It took seven games to separate the two best teams in the league. It'll take a lot longer to settle the debate about which team has the better future.

That's because the answer might actually be: Both.

It's true. Extended glory is in the forecast in San Antonio and Detroit. These franchises share more than a team-first, defense-next mindset. They've also managed their rosters so adroitly that it'll be years before either one has to worry about a star player defecting in free agency.

So we hope you had no issues with seven games of Spurs vs. Pistons. Chances are it wasn't the last such Finals, as the following breakdowns suggest:

San Antonio

Tim Duncan is 29. Manu Ginobili turns 28 next month. They're not exactly Shaq and Kobe, but they're in their primes and quite happily married. They also share room to improve. Yikes.

AP
Any discussion of the future in San Antonio starts with No. 21.
"You can call it whatever you want - you guys are the press," said David Robinson, a courtside witness Thursday night when Duncan and Ginobili won their first title without him. "But I call it pretty good."

The mere presence of those two as a base, along with an even better tandem in the support positions -- coach Gregg Popovich and R.C. Buford -- should keep the Spurs in contention for the next several seasons. Especially because Pop and R.C. have already proven that they can replenish a roster quickly.

Duncan is the only holdover from the 1999 title-winners and has since won two more rings. Ginobili, Tony Parker and Bruce Bowen, incidentally, are the only 2003 championship alumni besides No. 21.

"It's a great feeling," Duncan said. "In years past, we've lost six, seven, eight, nine guys in a year and rebuilt. I think we've really got a core here that we're in love with. . . . We have years to (grow together), and I think that's the greatest feeling in the world."

Three clear causes for concern were raised during this title run. It's four, actually, if you count the scary emergence of the Phoenix Suns' Amare Stoudemire, but let's focus on the three specific to the Spurs.

1. Parker's third straight postseason nosedive has to be worrisome, especially since his contract is nearly $15 million richer than Ginobili's.

2. No less troubling is the knowledge that Robert Horry can't have many more years left at his current playoff level. It's good and bad news that Horry, at nearly 35, was San Antonio's third-most dependable postseason performer. Or no worse than fourth behind defensive ace Bowen, who's 34 but sure doesn't look it.

3. It's also evident that the Spurs' perimeter shooting has dipped without Steve Kerr and Stephen Jackson, as Brent Barry alone couldn't fill the void.

Not that the Spurs will let us see any concern. For starters, they know that every team needs better shooters. If there were shooters to just go out and get, you know they would. It's one of the toughest voids to fill.
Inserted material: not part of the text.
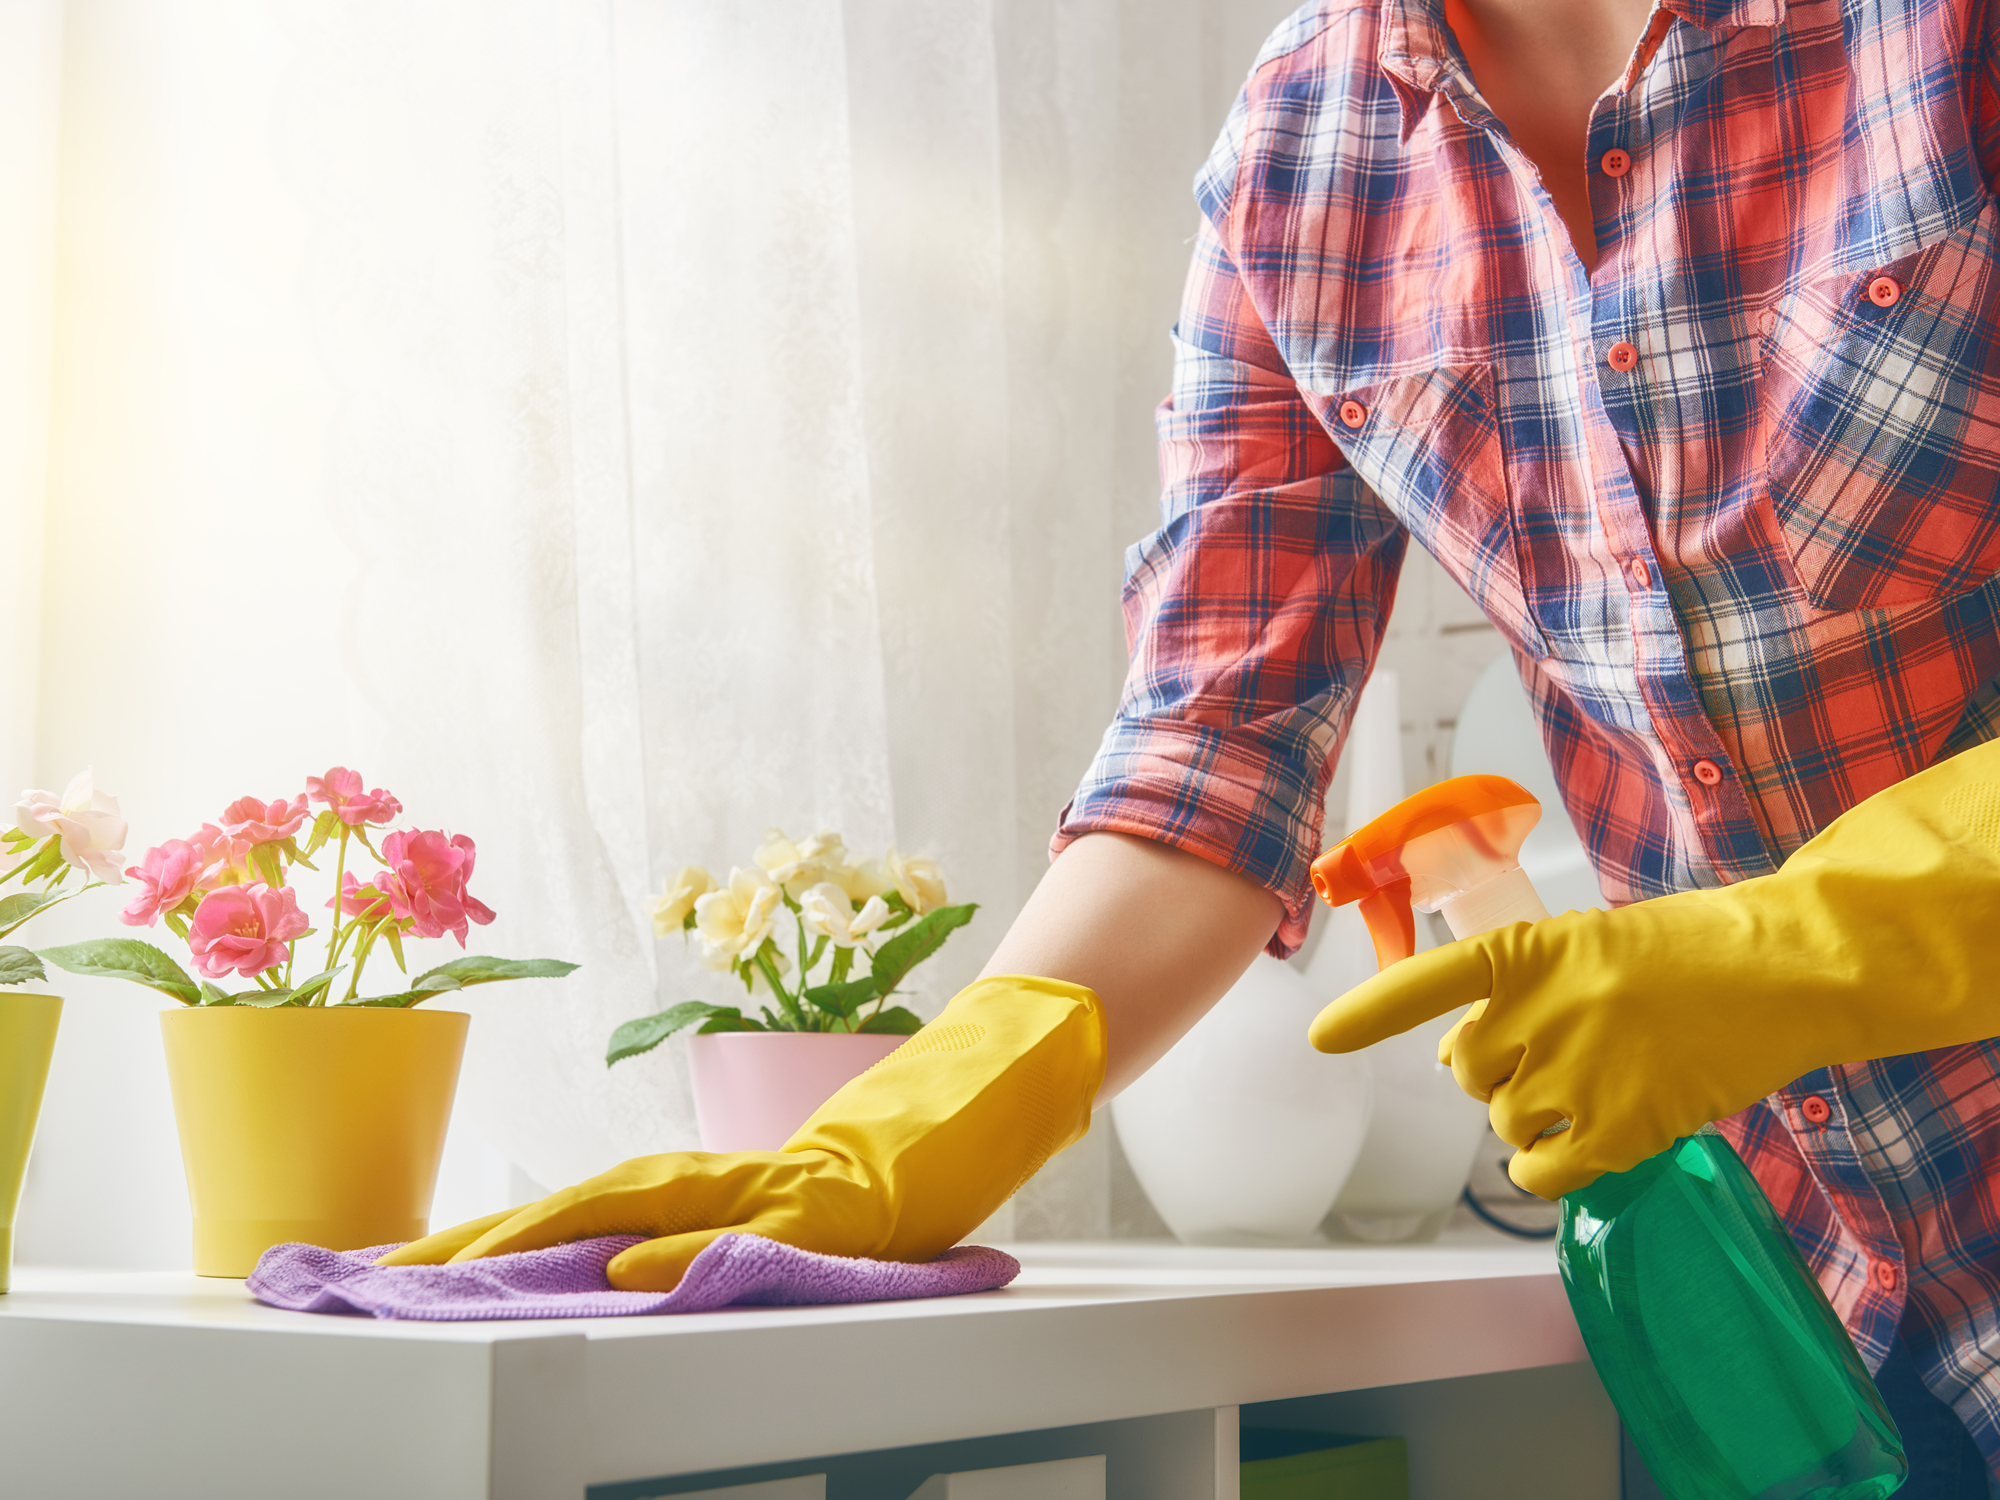 How housework harms like a 20-year smoking habit

Buford, furthermore, recently strengthened his front line significantly with the trade-deadline acquisition of Nazr Mohammed, who looks far more promising as a partner for Duncan than Rasho Nesterovic. And because the Spurs didn't award Nesterovic an outrageous contract when they signed him to take the first swipe at succeeding Robinson, Buford will probably be able to move Nesterovic.
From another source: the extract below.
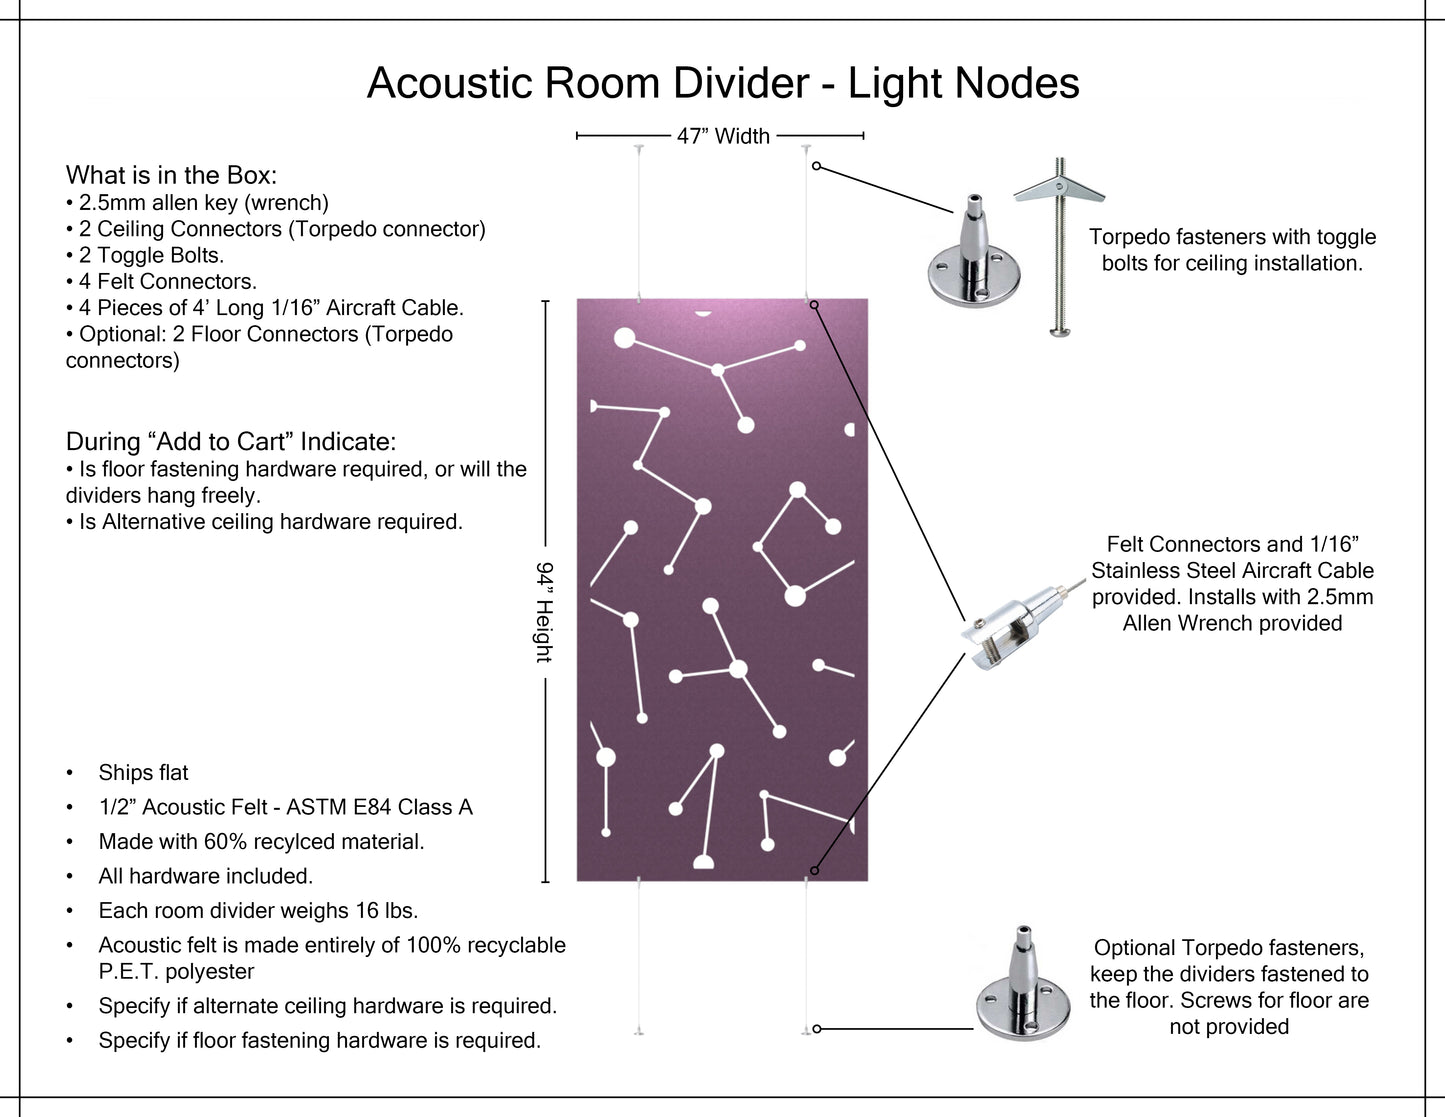 4x8 Acoustic Room Divider - Light Nodes

The backup option is waiving Nesterovic later this summer via the one-time mulligan teams are expected to receive -- soon to be known as the Allan Houston Rule -- as part of the new collective bargaining agreement. In that scenario, Nesterovic would receive the remaining $30 million-plus on his contract without any of that money counting in luxury-tax calculations.

Either way, Rasho's rotation spot is eventually going to Luis Scola, another Argentine second-round draft pick (like Manu) who will undoubtedly bolster the Spurs' frontcourt unit. The only uncertainty is whether San Antonio will be able to sign Scola in time for next season.

Scola is only 6-8, but he's considered the world's best power forward not playing in the NBA. He also seems to have a bit of the Ginobili Gene, winning pretty much everywhere he's been.

Yet if the price to extricate Scola from his Spanish League contract is too high, pursuing free-agent forward Shareef Abdur-Rahim is a strong possibility. San Antonio can't sign both, because one or the other is bound to command most or all of its $4.9 million mid-level exception. Sources close to Reef say he'd love to come to San Antonio after missing the playoffs in each of his nine seasons, but he's also likely to be chased hard by several East contenders: Miami, Washington, New Jersey and Cleveland, just to name four.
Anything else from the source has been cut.